### Data excerpt
· · · · ·

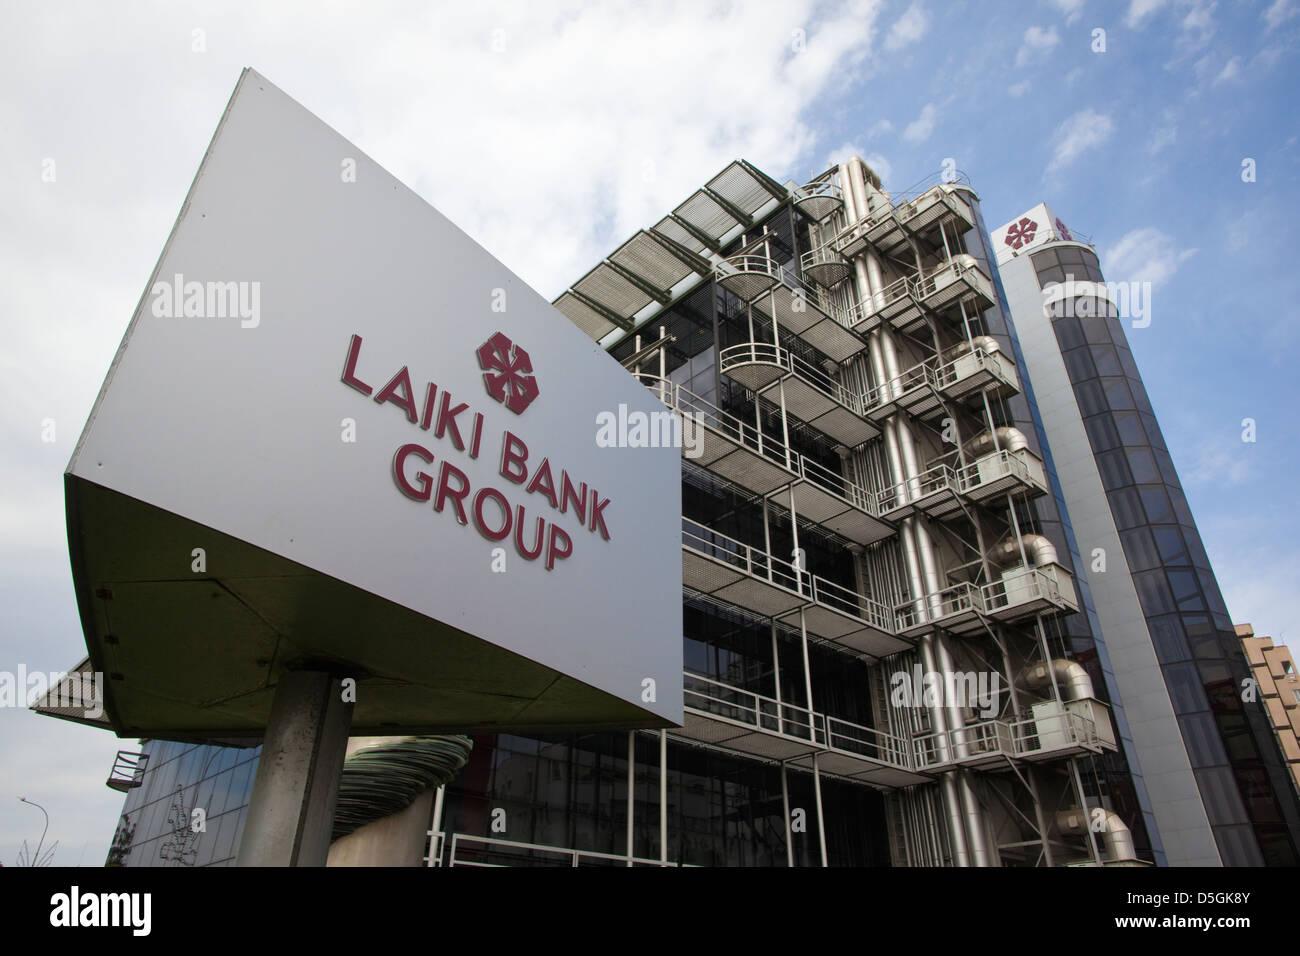 Laiki Bank headquarters in Nicosia, Cyprus. Stock Photo
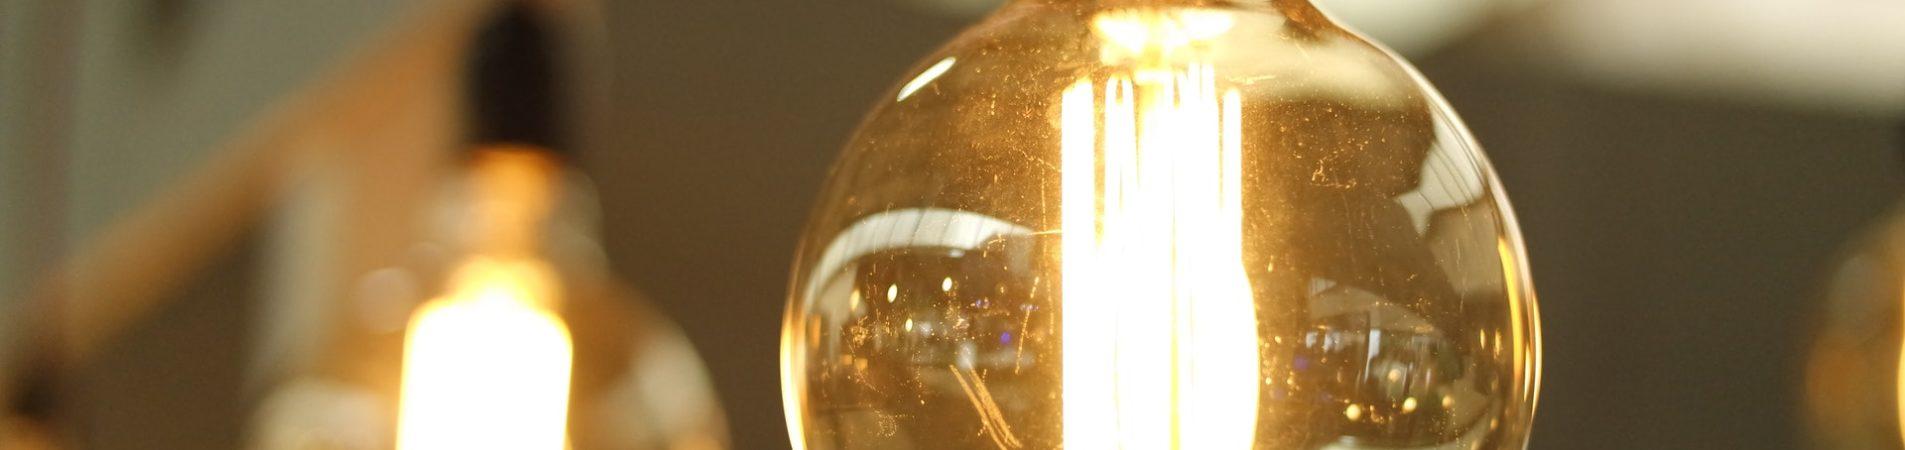 LED verlichting - Deboled webshop
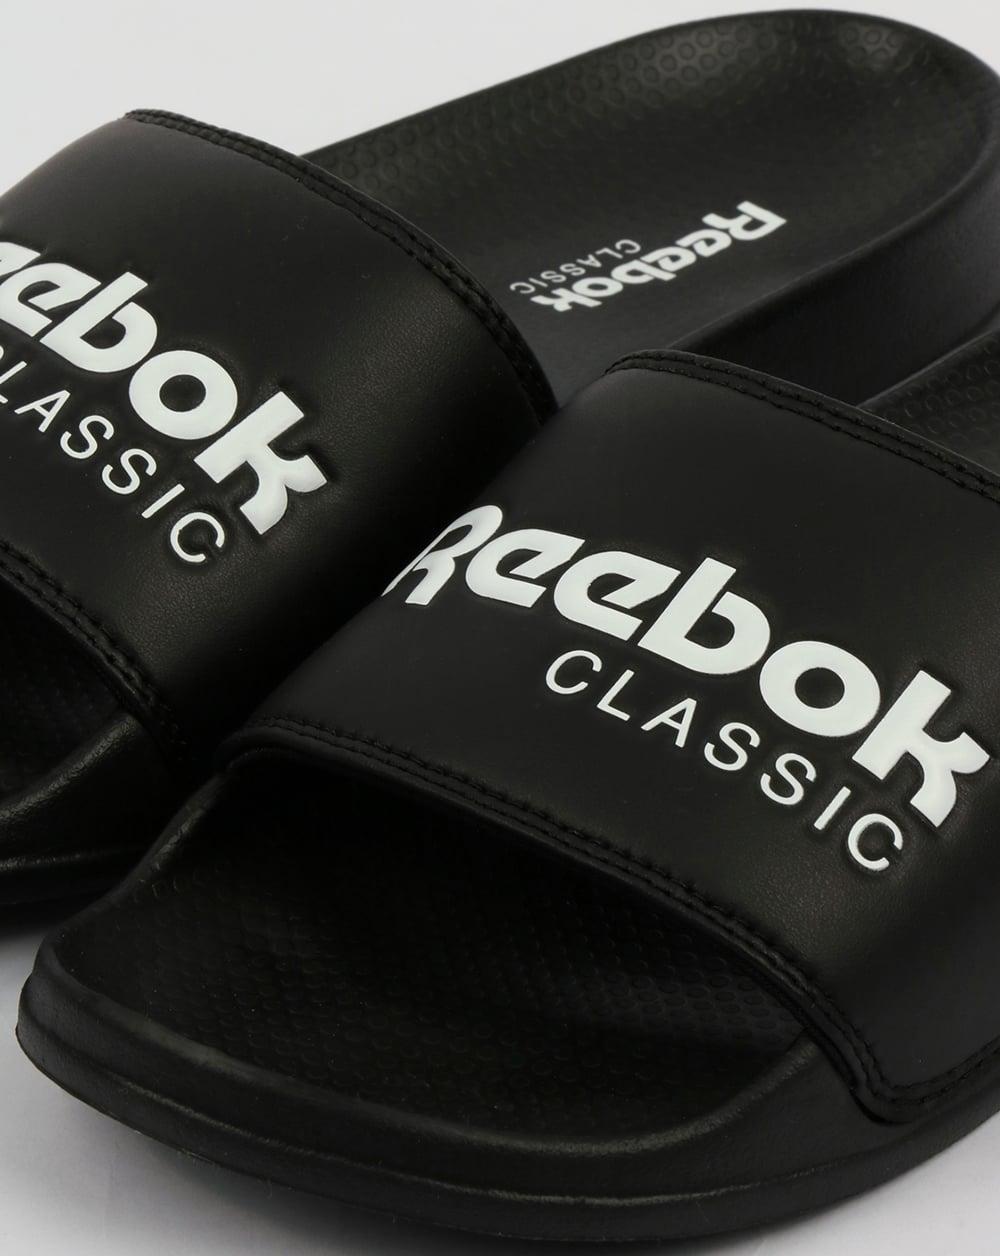 b076d0fea64cc1 Reebok Classic Sliders Black

· · · · ·

Once the pictures are removed, copy the listing exactly.

### Solution to the problem
 Laiki Bank headquarters in Nicosia, Cyprus. Stock Photo
 LED verlichting - Deboled webshop
 b076d0fea64cc1 Reebok Classic Sliders Black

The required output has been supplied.